The ability to mimic humans and the ability to supplant humans are different. If a task is plug-and-play, ie, it has already been done elsewhere by humans, and we just need to do it again in a new context, that is very feasible for AI. A lot of work that humans do is like that, and that can be automated. However, it’s less feasible for AI to do tasks that are truly novel. I like to think that humans, helped by the ability to draw directly from their experience in the physical world, do novel things all the time. That’s hard to surpass.

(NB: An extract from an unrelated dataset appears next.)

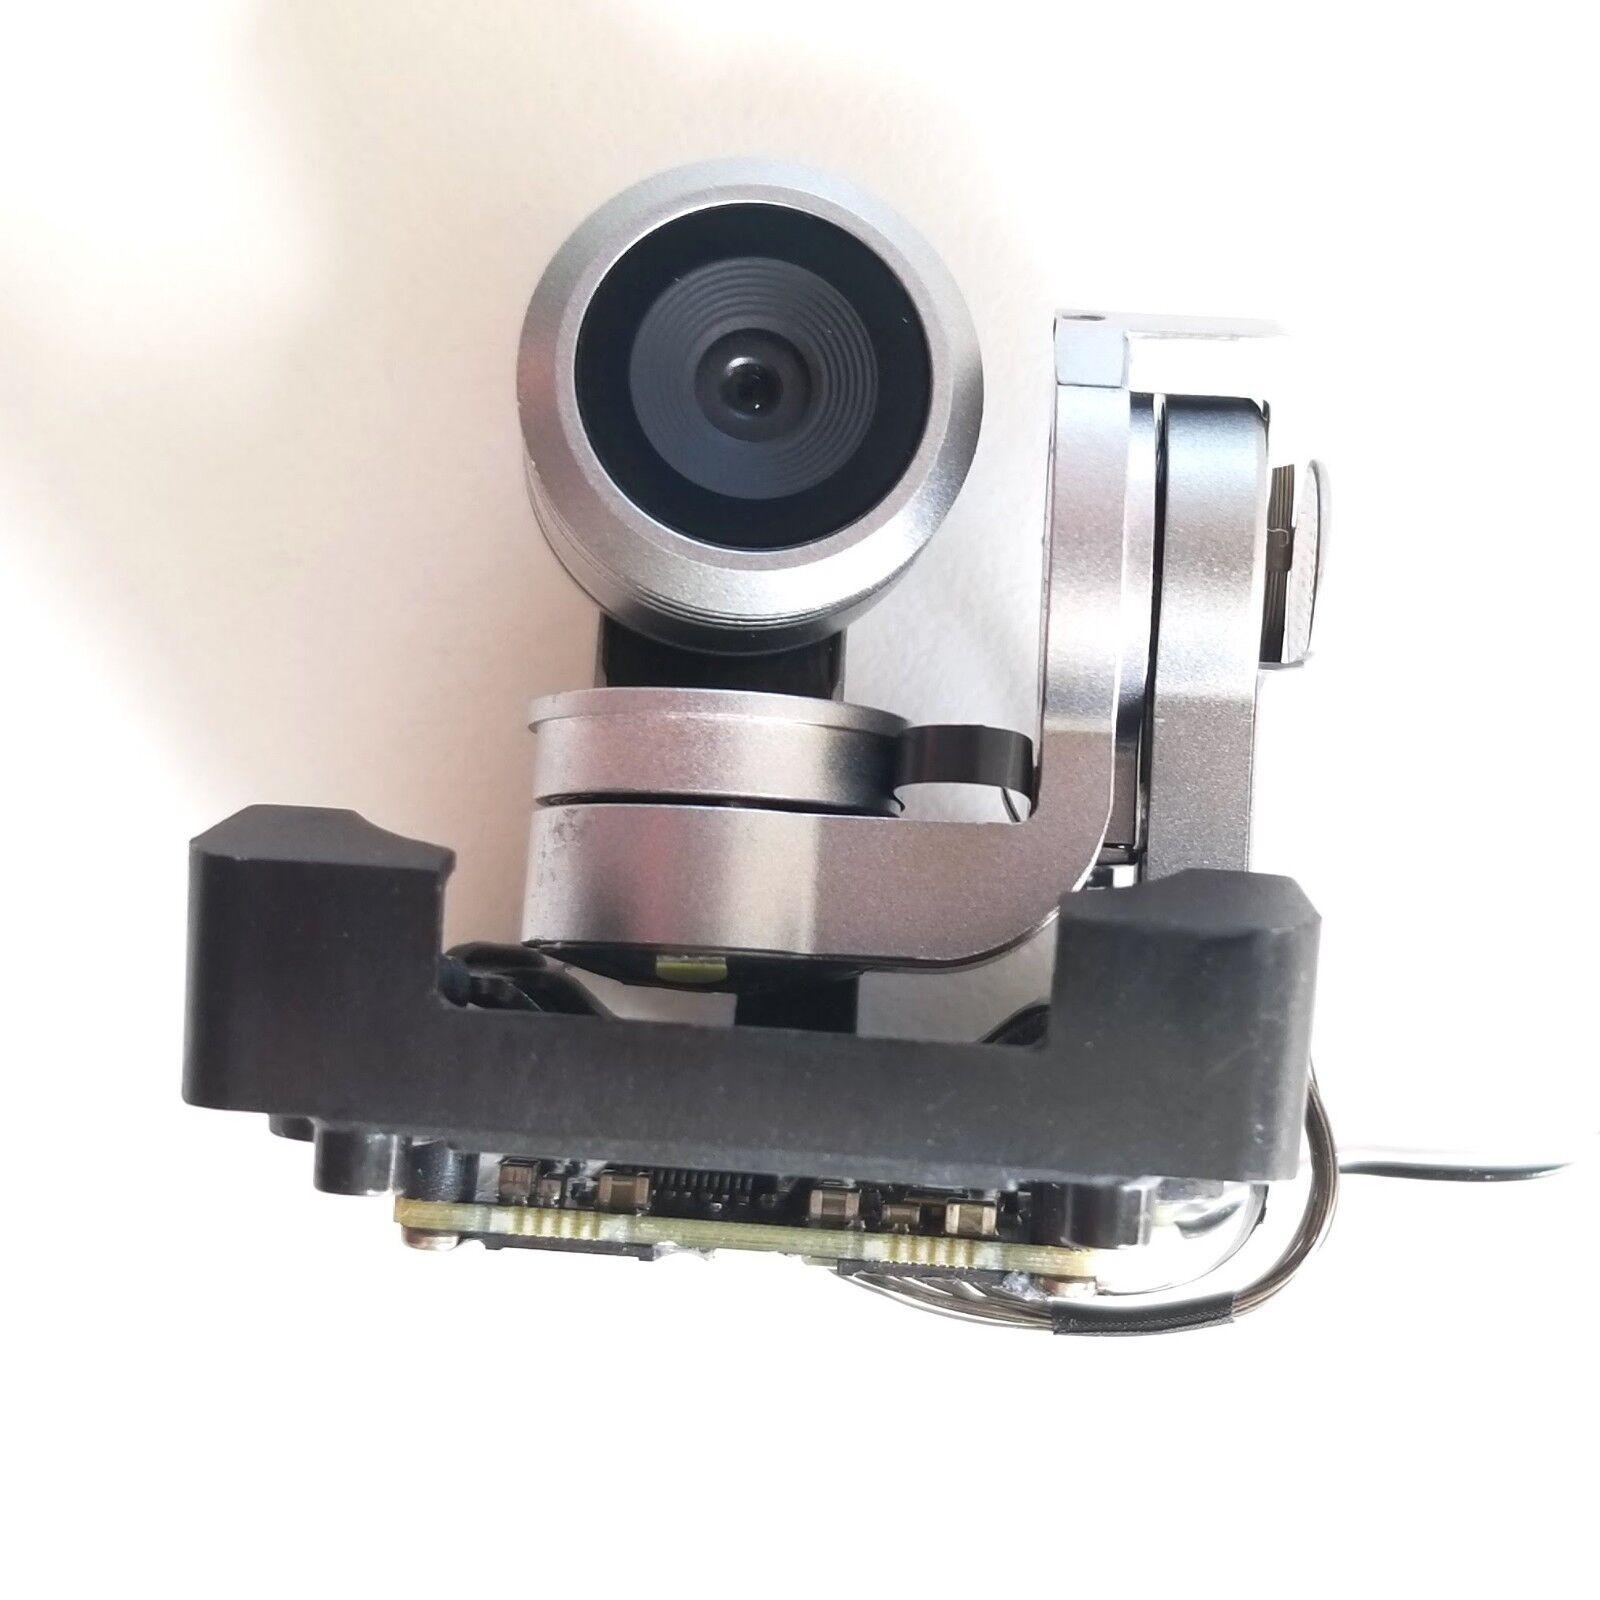 DJI Mavic Pro Gimbal Camera Assembly, 4k Video Camera & Gimbal (Tested, Working)

6. Even in the present day, we have AI alignment problems, and it has not destroyed society. Future alignment problems will most likely look like what we have, not what you imagine.
I can outline two present day AI alignment scenarios. First, social media algorithms. They are not AGI; they are narrowly intelligent algorithms, often neural networks, tasked with optimizing certain metrics (eg, engagement, watch time). These algorithms have enormous influence over society. This is not a knee-jerk, “Facebook got Trump elected!” You’ve already heard complaints about that. What I’m talking about is more of a Jonah Haidt-style, “Instagram is making us depressed!”
But more than that, I’ve seen internet content creators, small and large, behave is various perverse or extreme ways, the cause of which being an addiction brought about by social media algorithms. These people are being controlled by AI. Yes it is not coerced, in as much as partaking in an addiction is not coerced, but it is literal AI control over humans. What’s more, the AI algorithms don’t care how they affect people’s time, social life, worldview, and behavior. They only care about optimizing a narrow metric.
Another example is technological unemployment. Surely at least some people have already had their jobs automated because of ML. On the other hand, ML has also create enough jobs that it’s not been considered a problem. However, the jobs that ML creates tend to be very high-skill, whereas the jobs at risk of automation to be low-skill. It is possible that in the near future this will create a lopsided economy with abysmal employment prospects for less educated workers despite many unfilled jobs openings for certain positions.
What will an AI alignment apocalypse look like? From the start, words like apocalypse or doomsday create a misleading image, because they cause you to think of the wrong kinds of scenarios. In reality, future AI alignment problems will most likely look similar to existing AI alignment challenges, just to a greater extent.
Doesn’t this contradict what I said before? Doesn’t this mean that AI alignment is definitely a major risk? Well, here is the reason I think otherwise.
People who imagine AI doomsday scenarios are typically imagine it like a sudden disaster. One day, AI is no threat, the next day, it is spelling the end of civilization. However, the point I’m making here suggests a gradualist view. According to the gradualist view, AI alignment scenarios are not stark/binary. It is a problem that starts small and then (possibly) gets worse. But we will notice as it’s getting worse. And it may actually get better, as the intuition of the AI improves.
It is not true that going from mere AI to AGI will cause the first alignment problems, because the first alignment problems are already here, and the effect of that transition is uncertain.